Денис Давыдов (Историческая хроника) - Задонский Николай Алексеевич (книги без регистрации TXT) 📗
И Раевский, пододвинув свечу, прочитал:
– «Единая храбрость и усердие российских войск могли избавить меня от истребления толико превосходным неприятелем и в толико невыгодном для меня месте. Я сам свидетель, как многие штабобер– и унтер-офицеры, получа по две раны, перевязав оные, возвращались в сражение, как на пир; не могу довольно похвалить храбрость и искусство артиллеристов. В сей день все были герои!»

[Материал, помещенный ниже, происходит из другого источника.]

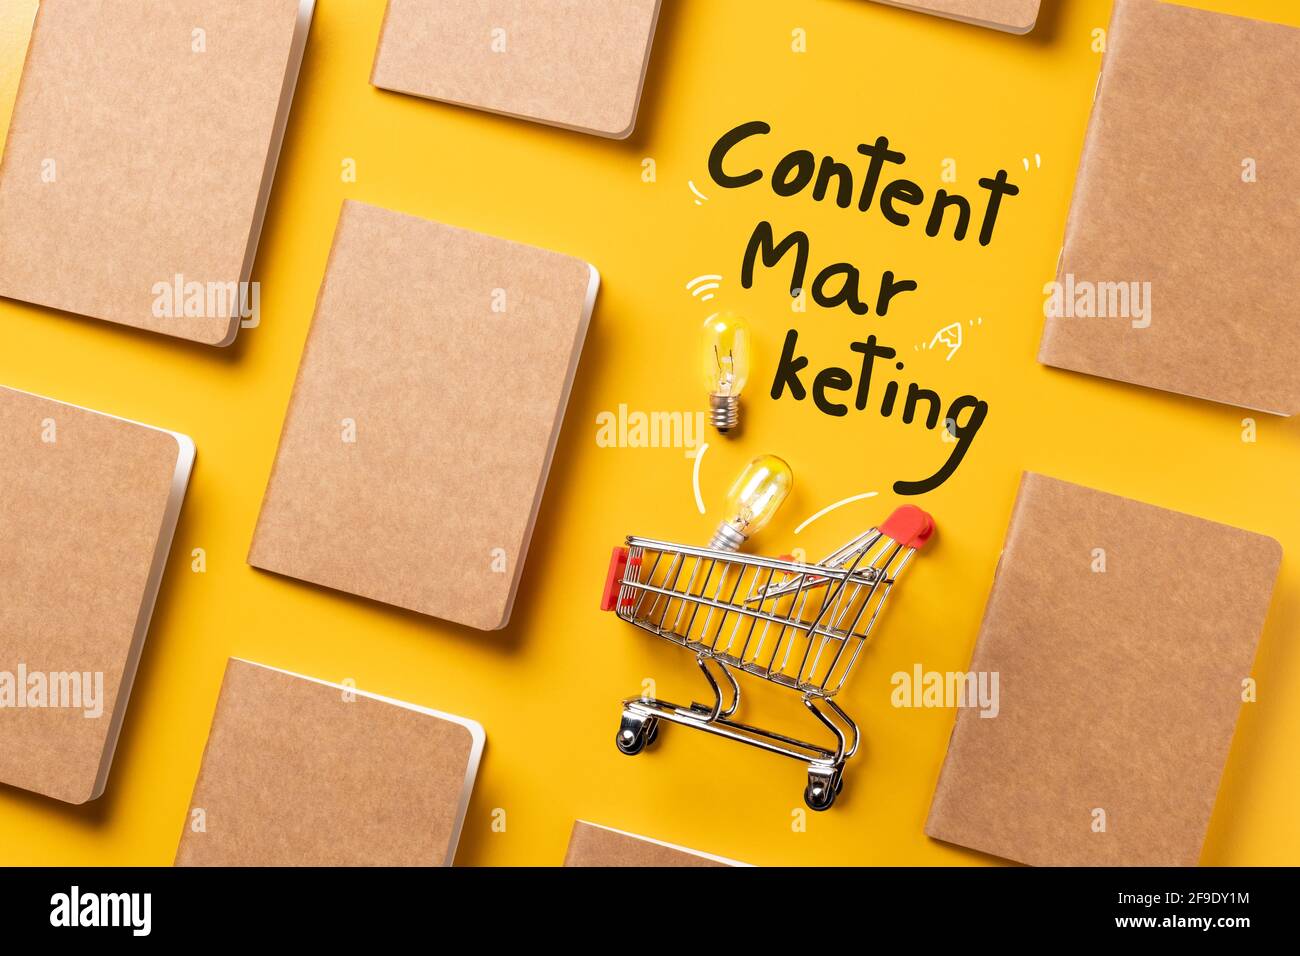 creativity content marketing concept,top view shopping cart with full of lightbulbs with Kraft paper book alignment in pattern on yellow desk surface. Stock Photo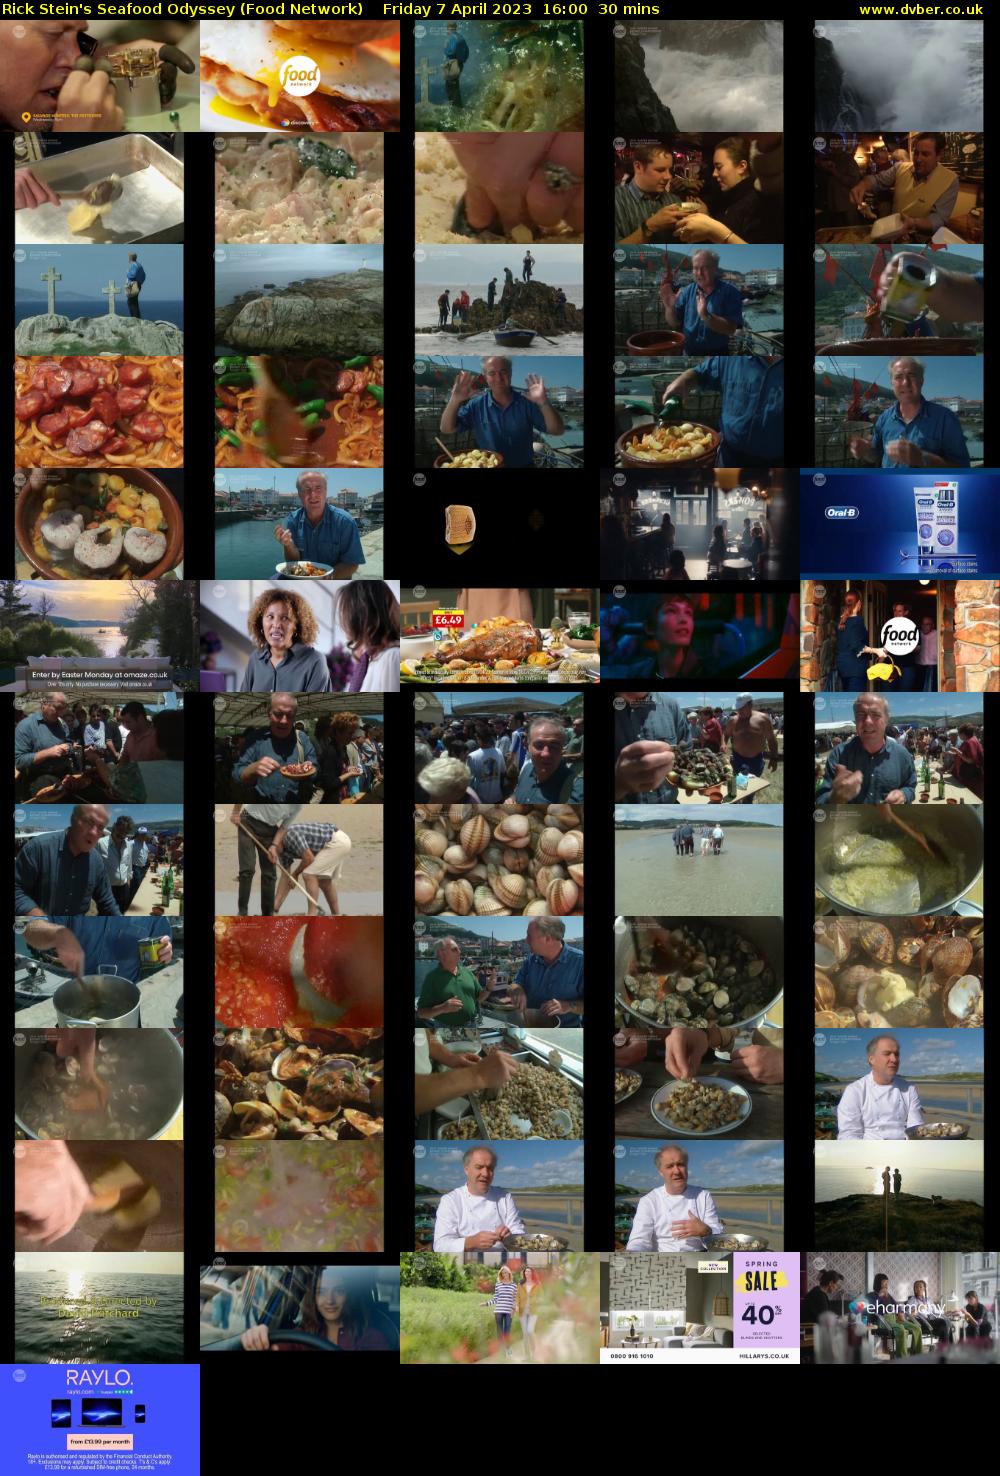 Rick Stein's Seafood Odyssey (Food Network) Friday 7 April 2023 16:00 - 16:30

Дверь в горницу внезапно распахнулась. Вбежал разрумянившийся, оживленный Николенька. Приветливо поздоровался с Денисом, подсел к отцу. Тот ласково погладил кудрявую голову мальчика, посмотрел на него с нескрываемой гордостью и неожиданно спросил:
– А ты знаешь, дружок, зачем я нынче водил тебя с собой в дело?
Николенька поднял на отца счастливые влажные глаза, ответил не задумываясь:
– Да, папа. Чтоб умереть вместе! 22
IV
Чем дальше продвигались в глубь России французские войска, тем все больше мрачнел Наполеон. Ни один из его как будто тщательно продуманных планов не осуществлялся. Разъединить и разбить по частям русские армии не удалось. Барклай не остановился в Дрисском лагере и не дал сражения под Витебском, как того желал французский император. Багратион дважды, словно мальчишку, обманул маршала Даву и привел свои войска к Смоленску, где первая и вторая армии соединились.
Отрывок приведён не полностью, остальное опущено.